Content starts
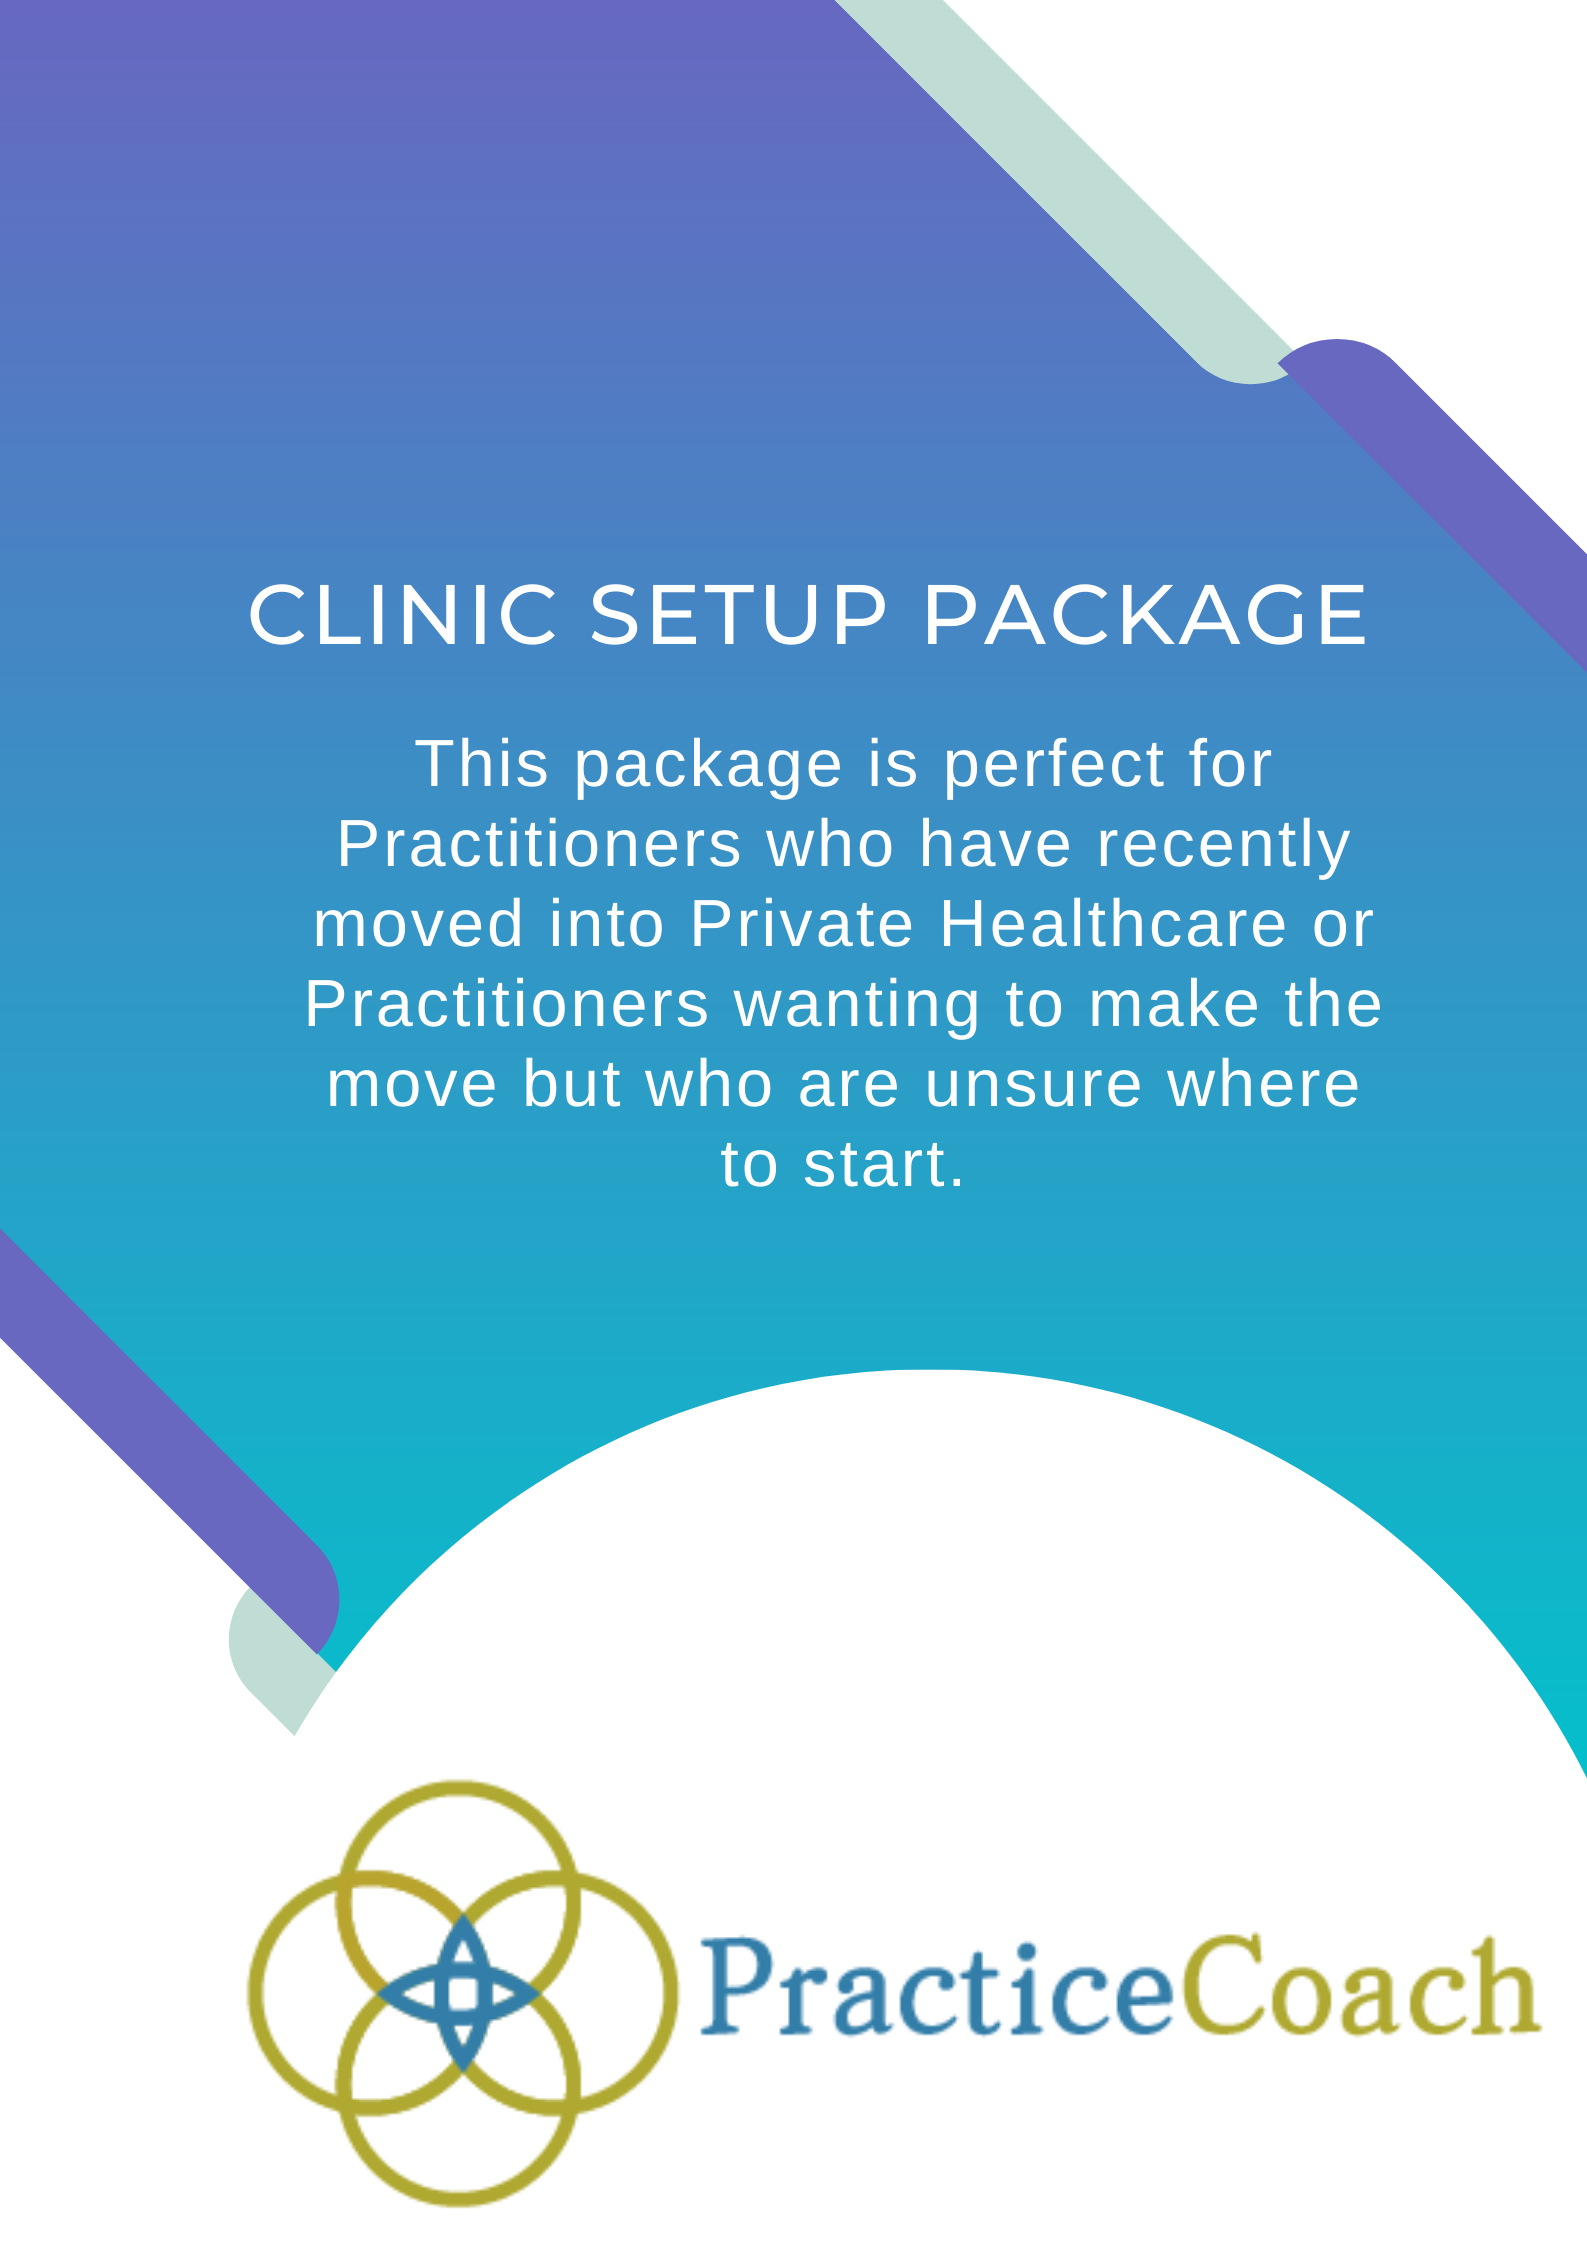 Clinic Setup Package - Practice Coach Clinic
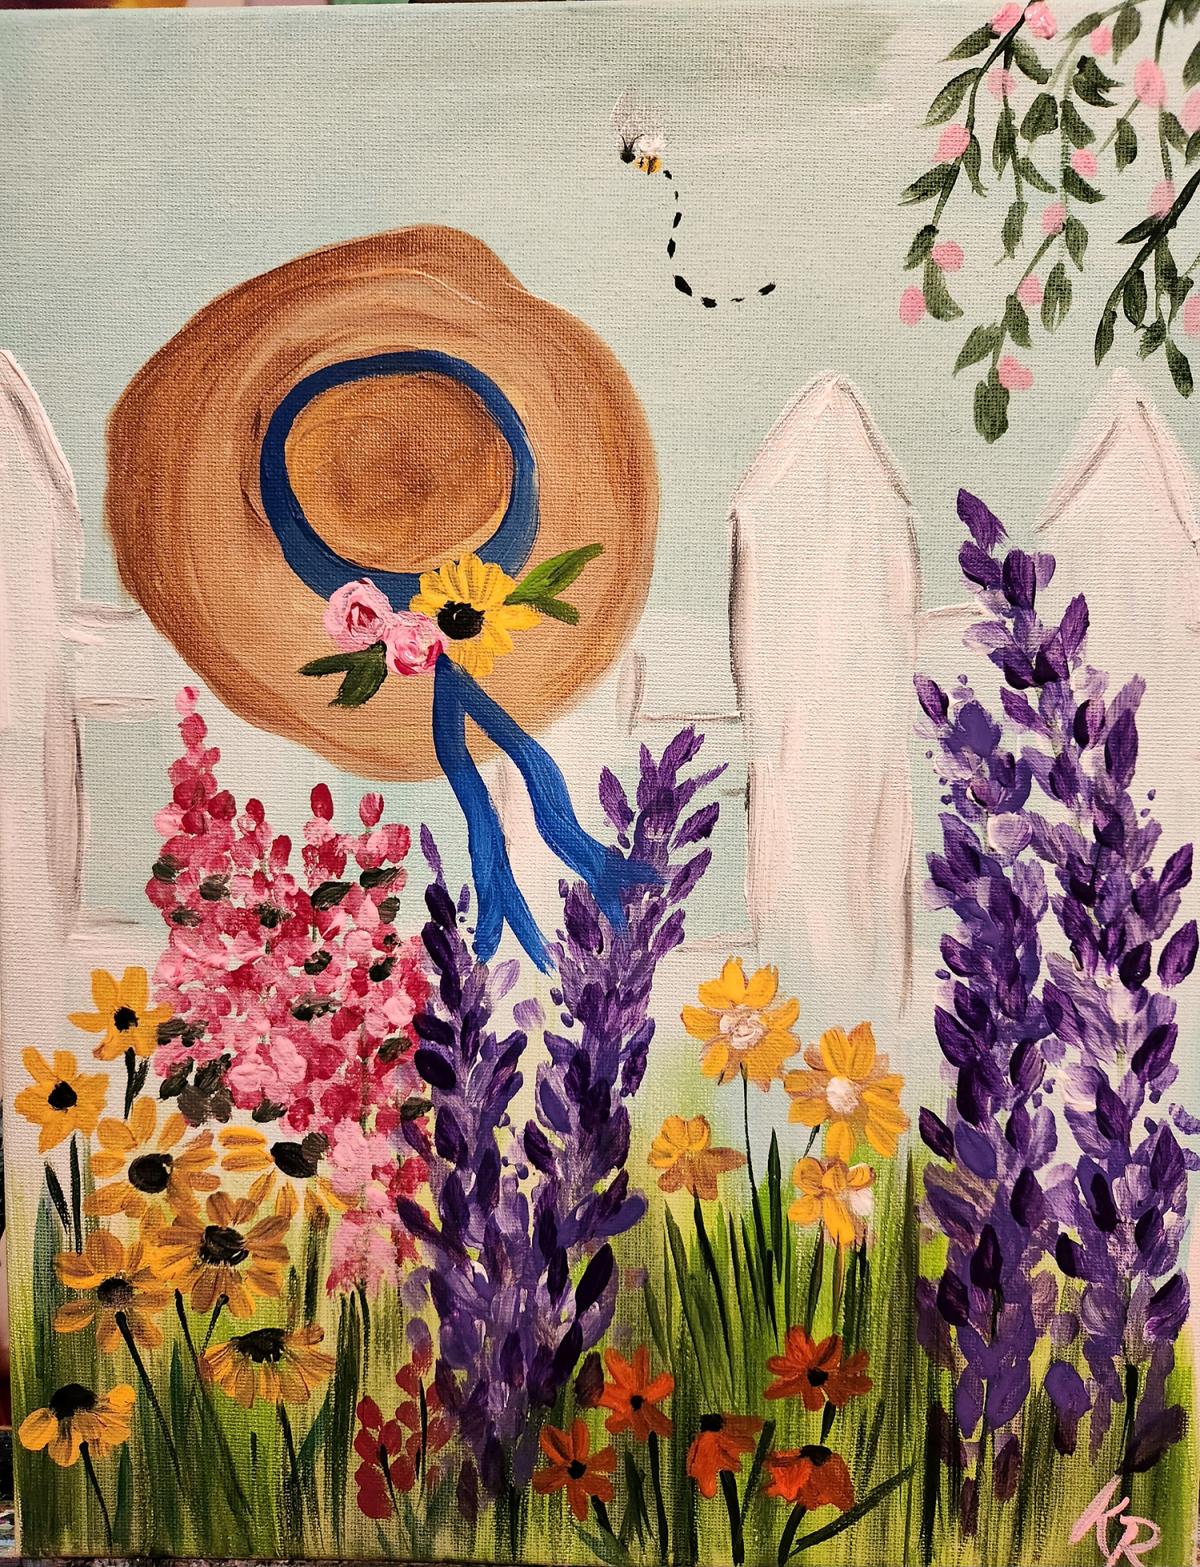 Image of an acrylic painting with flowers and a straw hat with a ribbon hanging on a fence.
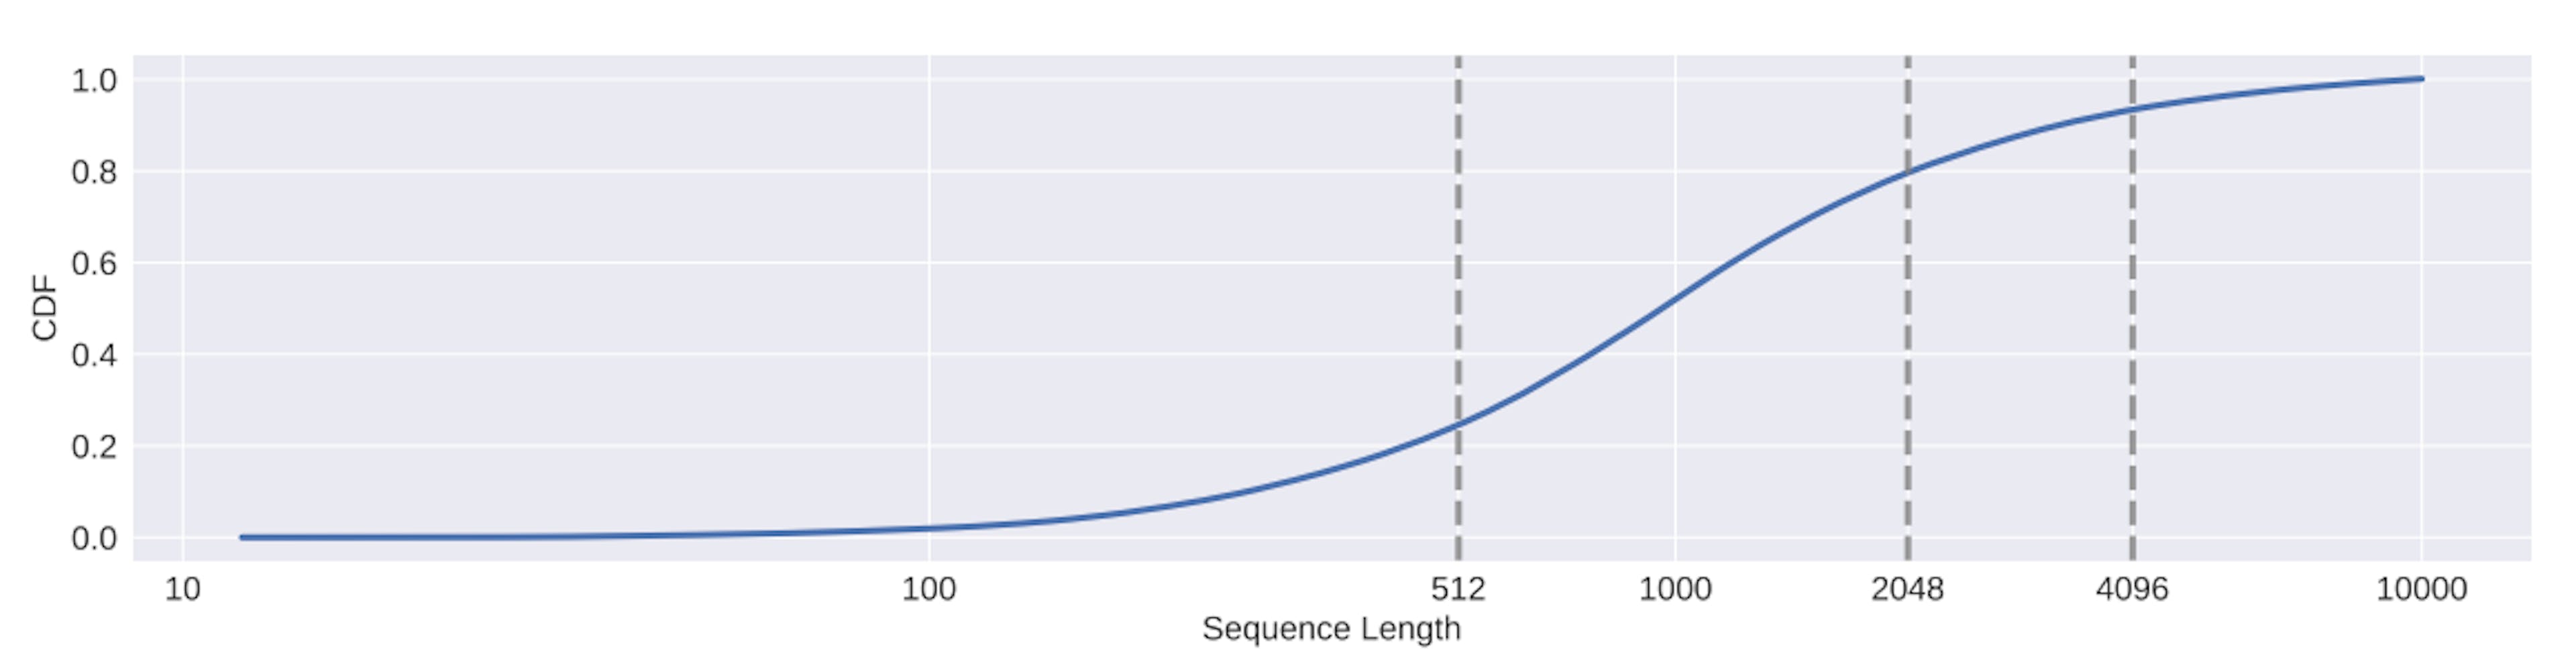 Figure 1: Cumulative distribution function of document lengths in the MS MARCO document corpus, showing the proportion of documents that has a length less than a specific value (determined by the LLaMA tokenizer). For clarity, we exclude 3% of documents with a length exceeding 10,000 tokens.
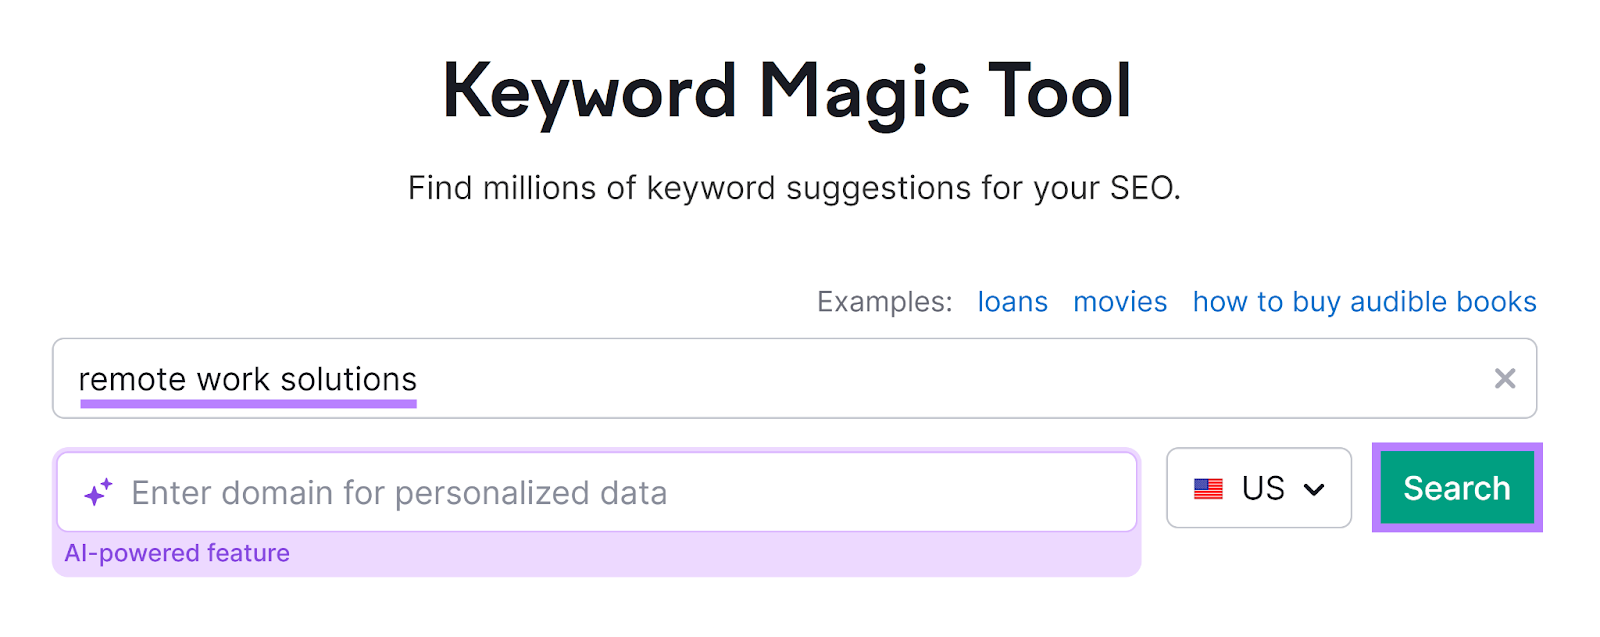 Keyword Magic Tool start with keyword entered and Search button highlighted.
Content ends
PROBLEM STATEMENT:
Only the pictures are to be dropped; the rest of the material above must be duplicated exactly.

ANSWER SECTION:
 Clinic Setup Package - Practice Coach Clinic
 Image of an acrylic painting with flowers and a straw hat with a ribbon hanging on a fence.
 Figure 1: Cumulative distribution function of document lengths in the MS MARCO document corpus, showing the proportion of documents that has a length less than a specific value (determined by the LLaMA tokenizer). For clarity, we exclude 3% of documents with a length exceeding 10,000 tokens.
 Keyword Magic Tool start with keyword entered and Search button highlighted.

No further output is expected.